◆ What the task asks: Down to the last line, set down the listing below exactly, apart from its pictures.

[Opening Available data section]

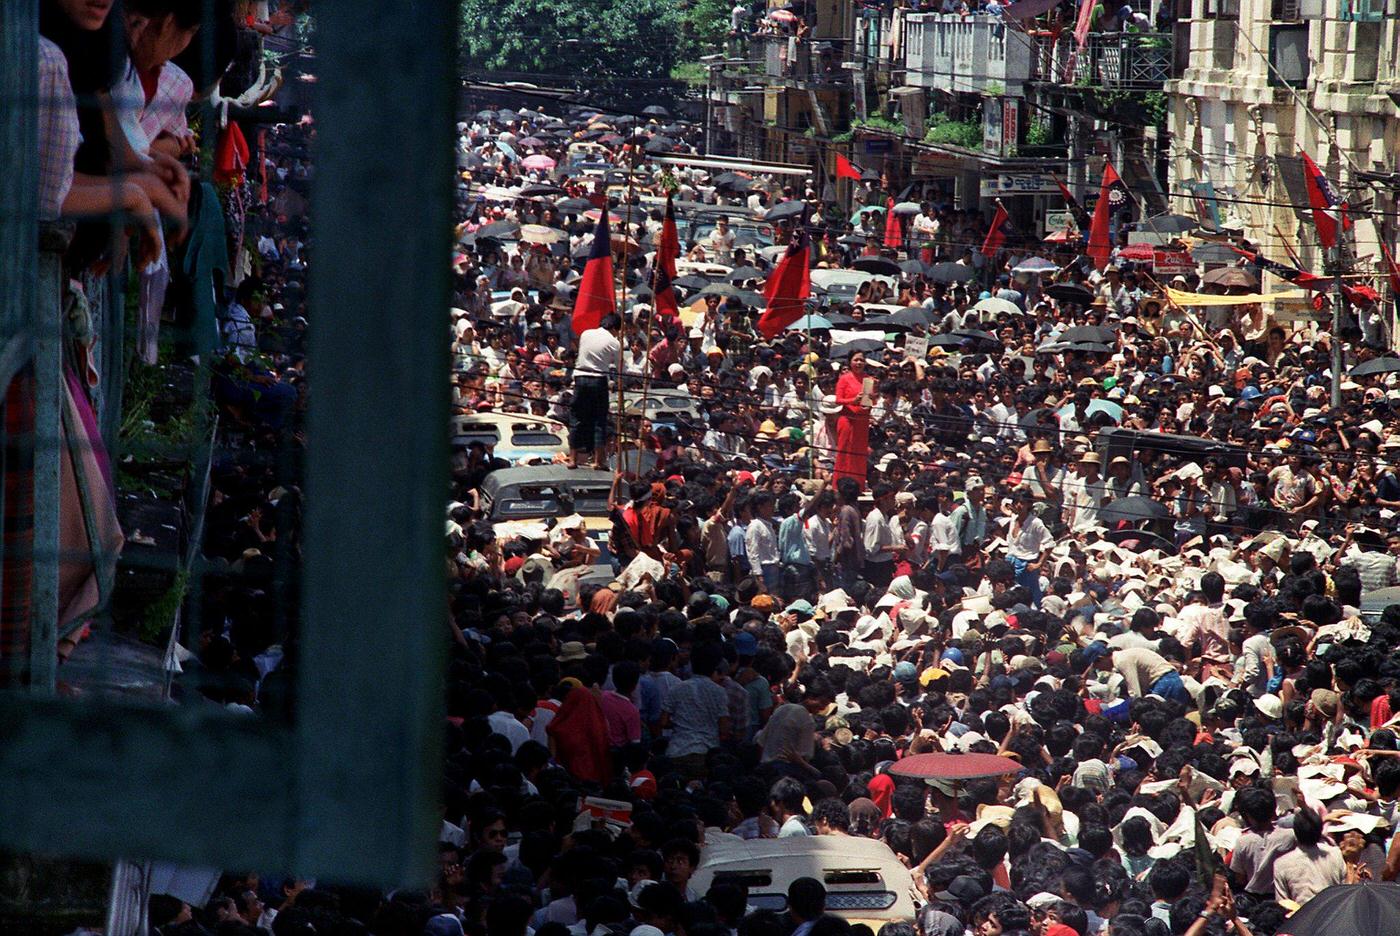 Burmese woman leading anti-government protestors in Rangoon during the 8888 Uprising, 1988.
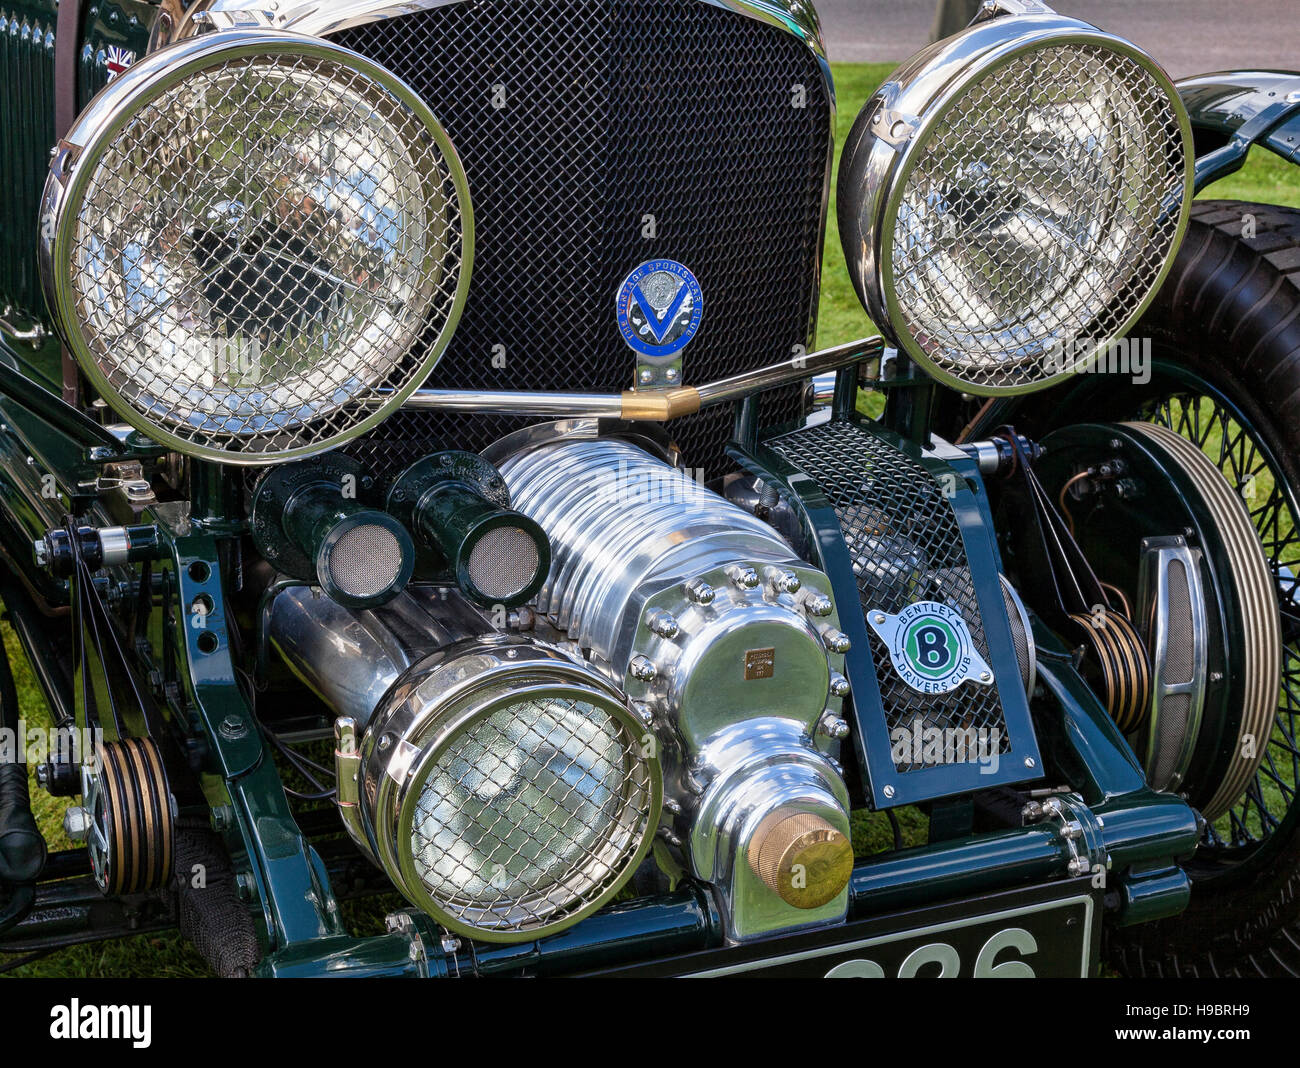 4.5 litre Petersen supercharged classic Bentley, possibly replica, at car show Stock Photo
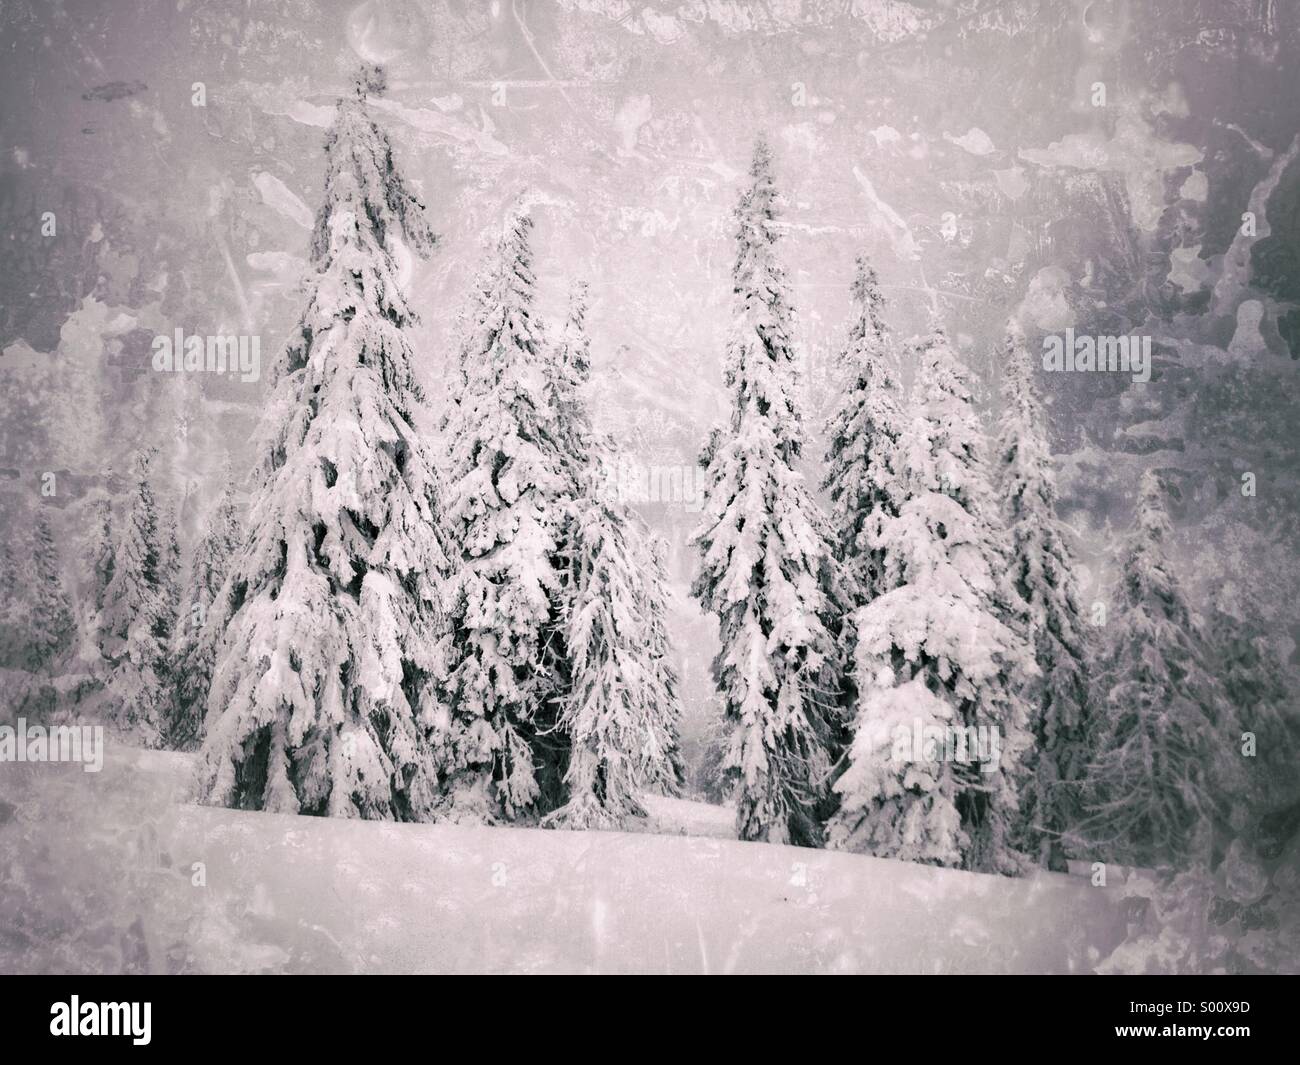 Wet plate collodion photo of trees covered in snow Stock Photo
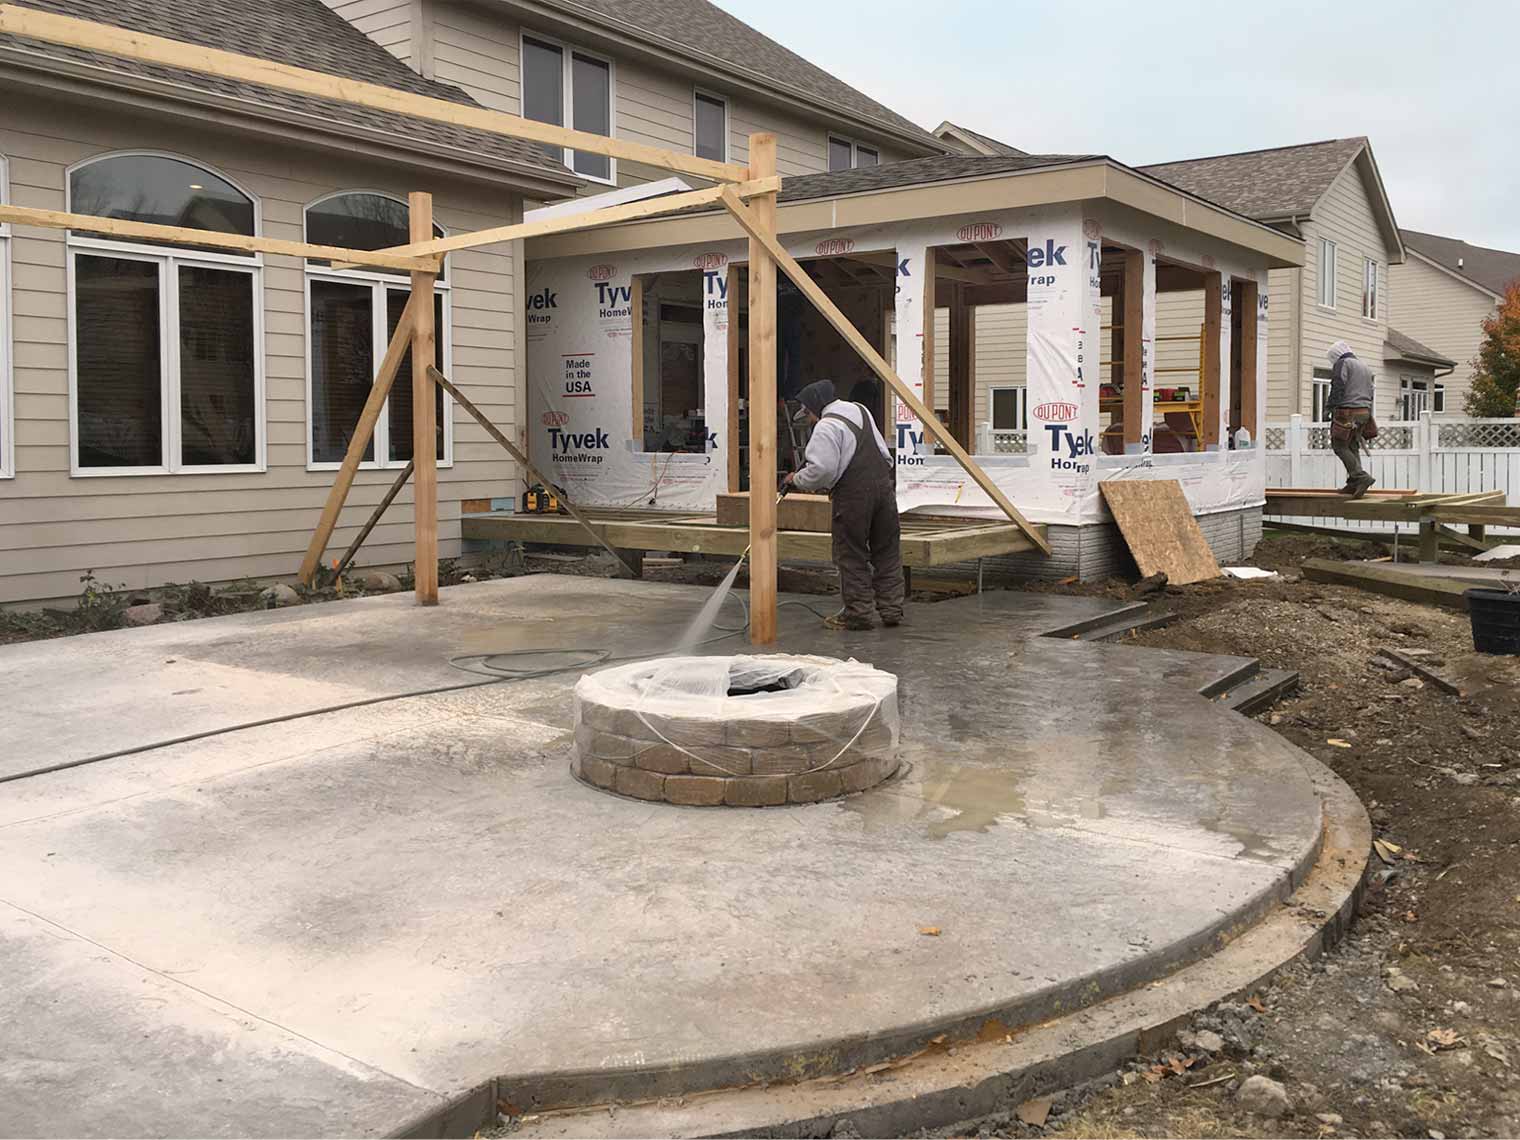 during construction of sunroom addition, new patio, fire pit and pergola designed and being built by Silent Rivers of Des Moines, Iowa

[Closing Available data section]

◆ Solution for this exercise:
 Burmese woman leading anti-government protestors in Rangoon during the 8888 Uprising, 1988.
 4.5 litre Petersen supercharged classic Bentley, possibly replica, at car show Stock Photo
 Wet plate collodion photo of trees covered in snow Stock Photo
 during construction of sunroom addition, new patio, fire pit and pergola designed and being built by Silent Rivers of Des Moines, Iowa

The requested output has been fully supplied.